EXERCISE PROMPT: Every line from the one holding "Interior Visualization 3D" through the one holding "Amblers Steel FS7" in the data below must be returned exactly, both ends included, with pictures left out and nothing else added.

RECORDS FOR PROCESSING:

>>>

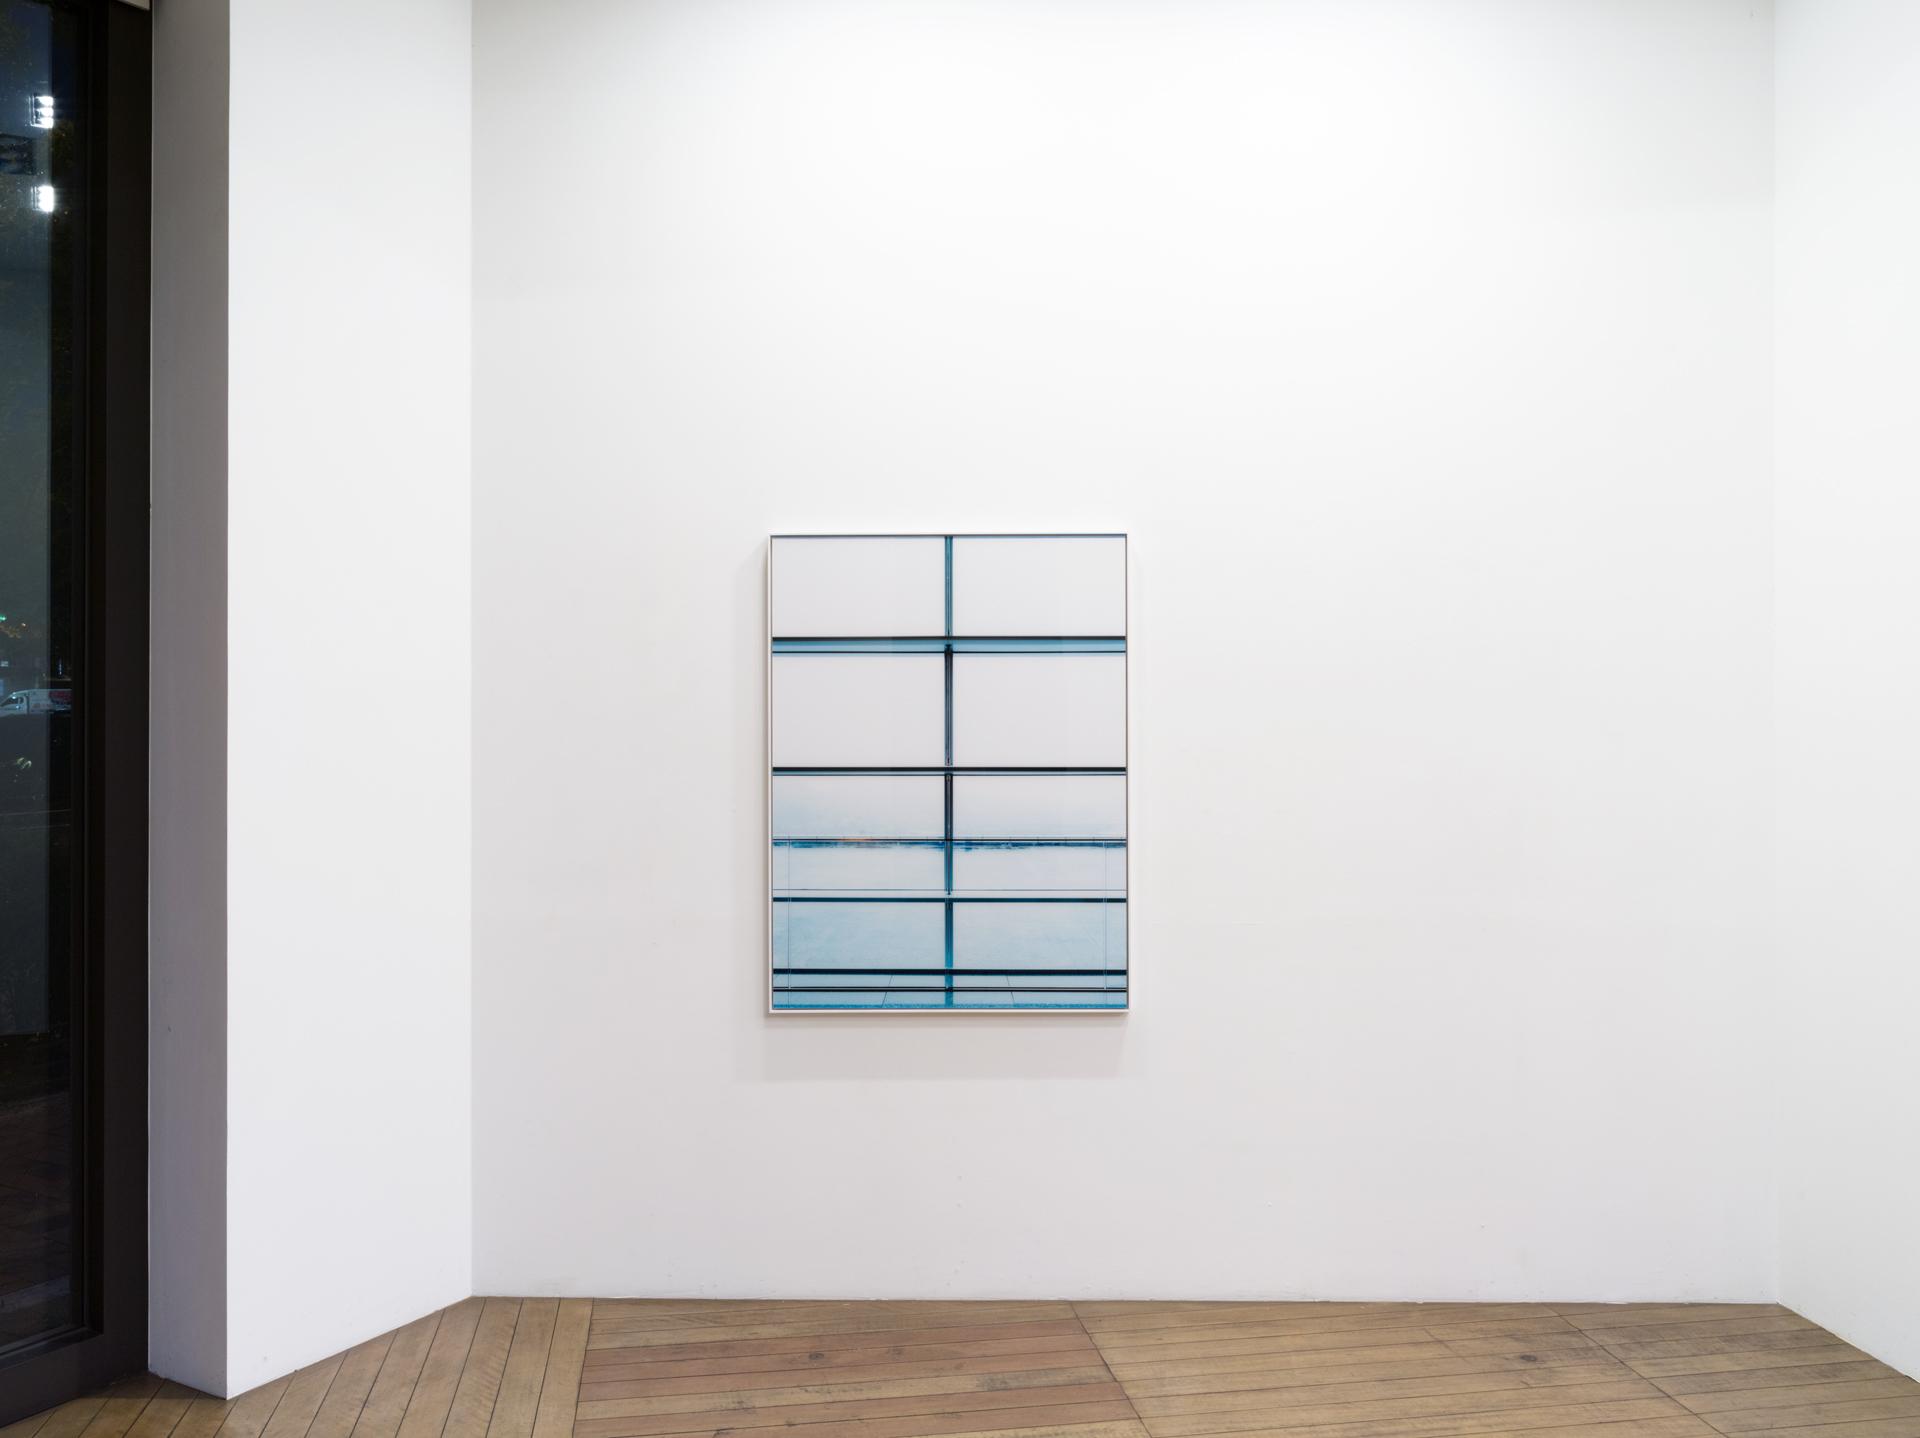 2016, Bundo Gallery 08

<<<
>>>

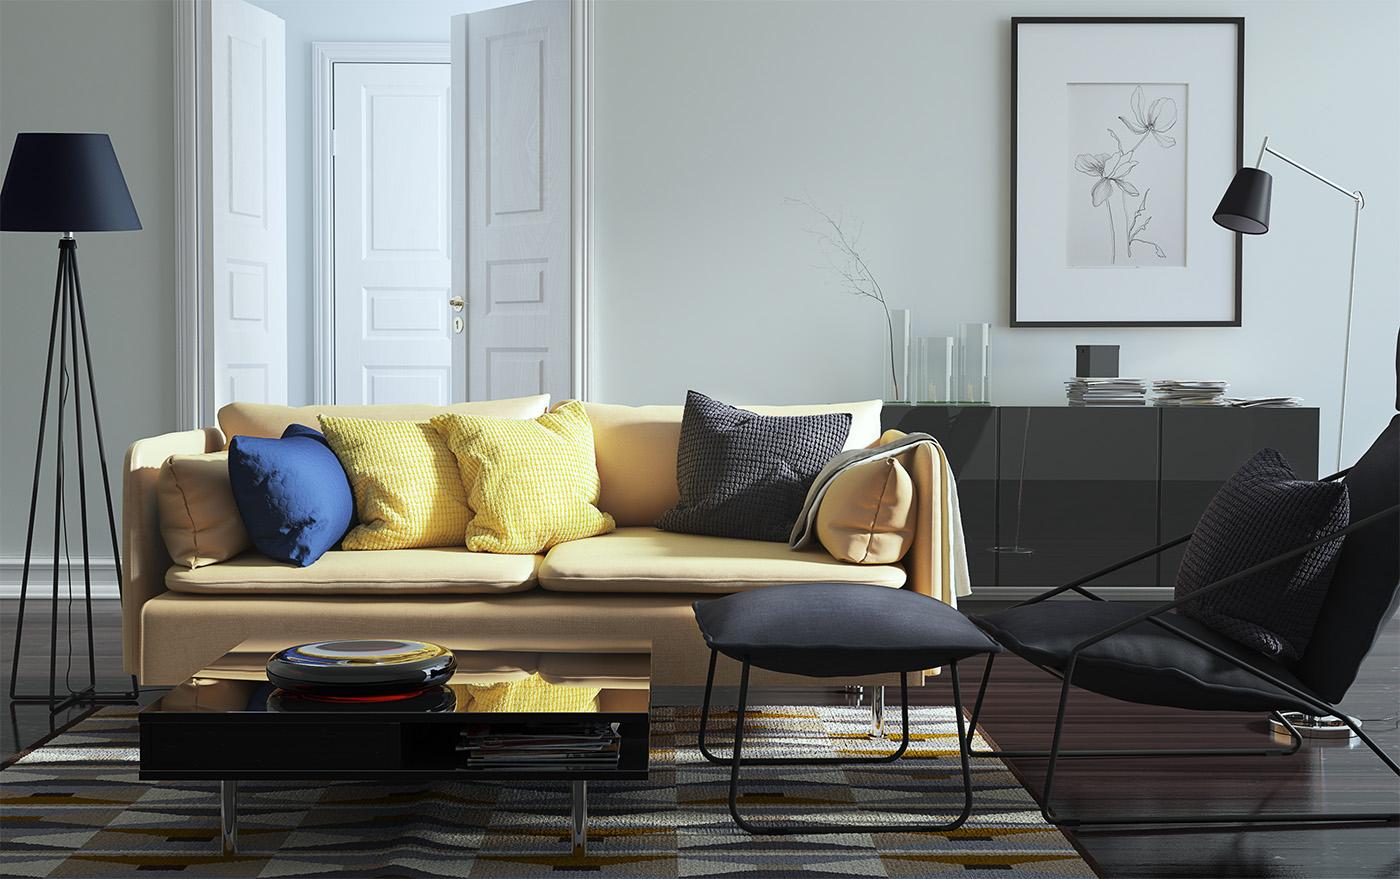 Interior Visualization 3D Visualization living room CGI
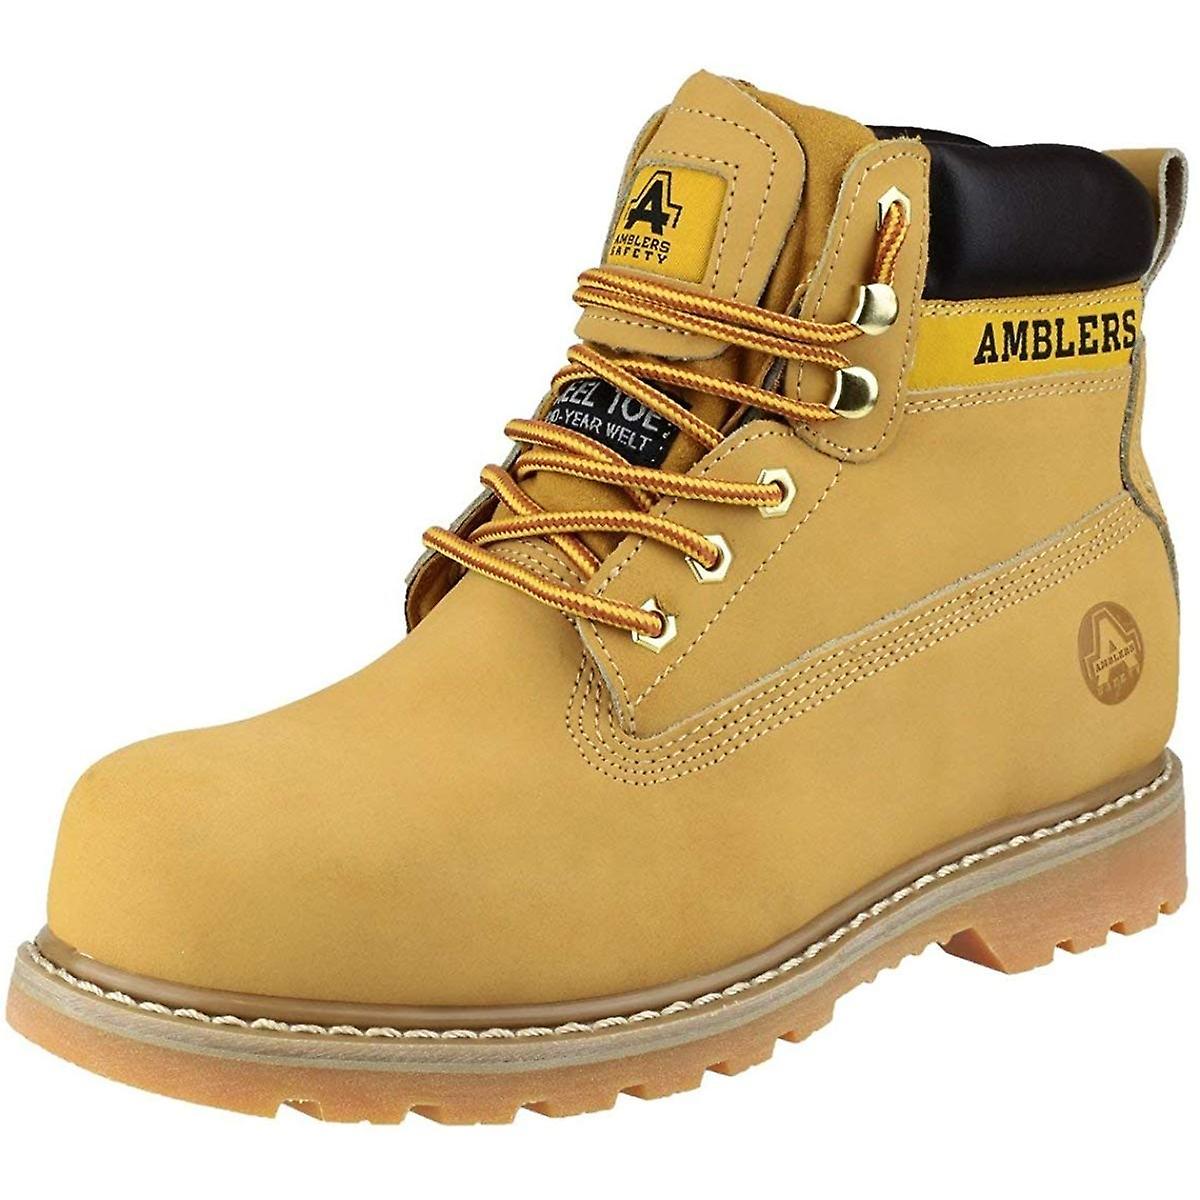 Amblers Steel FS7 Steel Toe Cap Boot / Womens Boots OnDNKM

<<<

EXERCISE ANSWER:
 Interior Visualization 3D Visualization living room CGI
 Amblers Steel FS7 Steel Toe Cap Boot / Womens Boots OnDNKM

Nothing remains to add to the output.